Questions about Open Reference OTU Picking

Sara_Jeanne08 · January 30, 2018, 4:13am

Hi Nicholas,

Thank you very much for providing me with the correction - I appreciate it. I was able to import the taxonomy data.

I am working through the rest of what I need to do in order re-analyze my data with QIIME 2. In QIIME 1 - I ran open reference OTU picking. I was able to successfully run this in QIIME 2 with VSearch but the QIIME 1 script wrapped many of the steps / tools - clustering, alignment, classification and generating a phylogenetic tree with the one pick_open_reference_otus.py script. I am trying to repeat what I did in QIIME 1 but I need a little help in making sure I do everything in the correct order and with the proper output files from each preceding step.

Open Reference OTU picking with VSearch:

`(qiime2-2017.12) bash-3.2$ qiime vsearch cluster-features-open-reference --i-sequences ./20180127_pilot_rep-seqs-denovo_and_ref_nonchimeric.qza --i-table pilot_chimera_filtered_table.qza --i-reference-sequences ../QIIME2/SILVA_16S/99_otus.qza --p-perc-identity 0.99 --p-threads 6 --o-clustered-table ./20180129_pilot_VSearch_OpenRef_99per_Clustered_Table.qza --o-clustered-sequences 20180129_pilot_VSearch_OpenRef_99per_Clustered_Seqs.qza --o-new-reference-sequences 20180129_pilot_VSearch_OpenRef_99per_New_Ref_Seqs.qza --verbose`

Output:
Saved FeatureTable[Frequency] to: ./20180129_pilot_VSearch_OpenRef_99per_Clustered_Table.qza
Saved FeatureData[Sequence] to: 20180129_pilot_VSearch_OpenRef_99per_Clustered_Seqs.qza
Saved FeatureData[Sequence] to: 20180129_pilot_VSearch_OpenRef_99per_New_Ref_Seqs.qza

I am not quite certain what the difference is between the two output sequence artifact files. Could you possibly clarify? Which one is to be used for the next step in the analysis process - the clustered seqs or the new reference seqs?

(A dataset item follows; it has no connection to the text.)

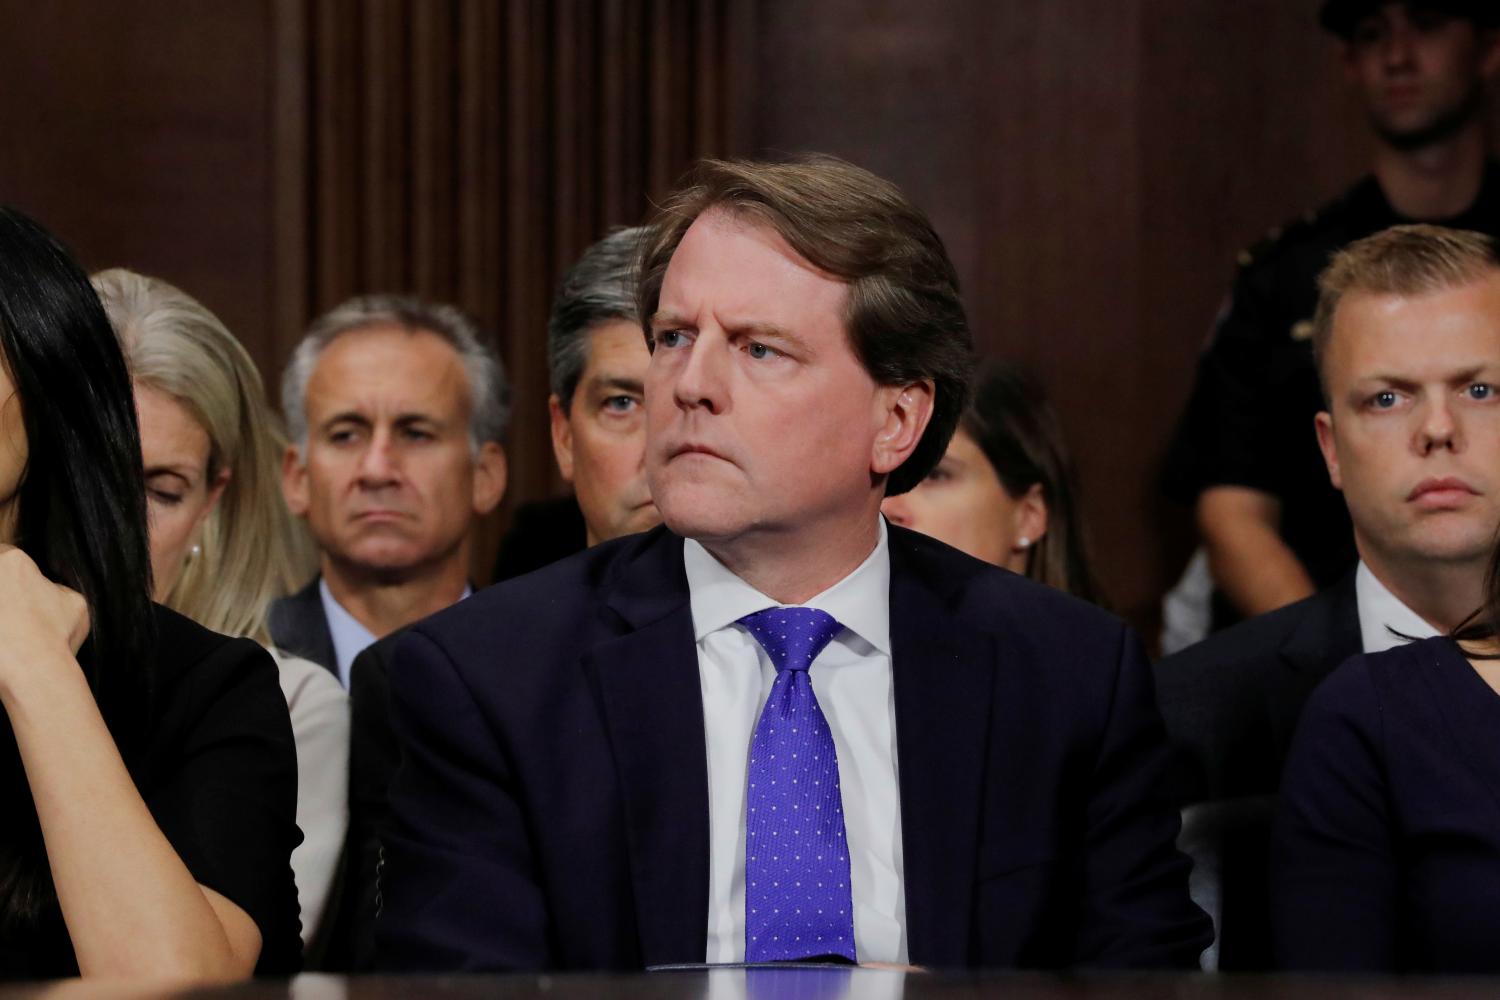 White House counsel Don Mcgahn listens to U.S. Supreme Court nominee Brett Kavanaugh testify before a Senate Judiciary Committee confirmation hearing on Capitol Hill in Washington, U.S., September 27, 2018. REUTERS/Jim Bourg

In QIIME 1 Open Reference OTU picking classification of the clustered OTUs was the next step but in the "Moving Pictures Tutorial" it is listed much later - after diversity analyses. Wouldn't I want to repeat the next steps of analysis for open reference OTU picking in the following order:

Classify Clustered Seqs / OTUs - Includes training the classifier with the Silva reference sequences and taxonomy.
Alignment of sequences - MAFFT
Generate phylogenetic tree with aligned sequences

(3.5: I normally filtered my biom file output from the pick_open_reference_otus.py script based on OTUs that were taxonomically unassigned or I would remove other OTUs or samples based on my review.) - but I am still figuring out when do these types of filtering with QIIME 2)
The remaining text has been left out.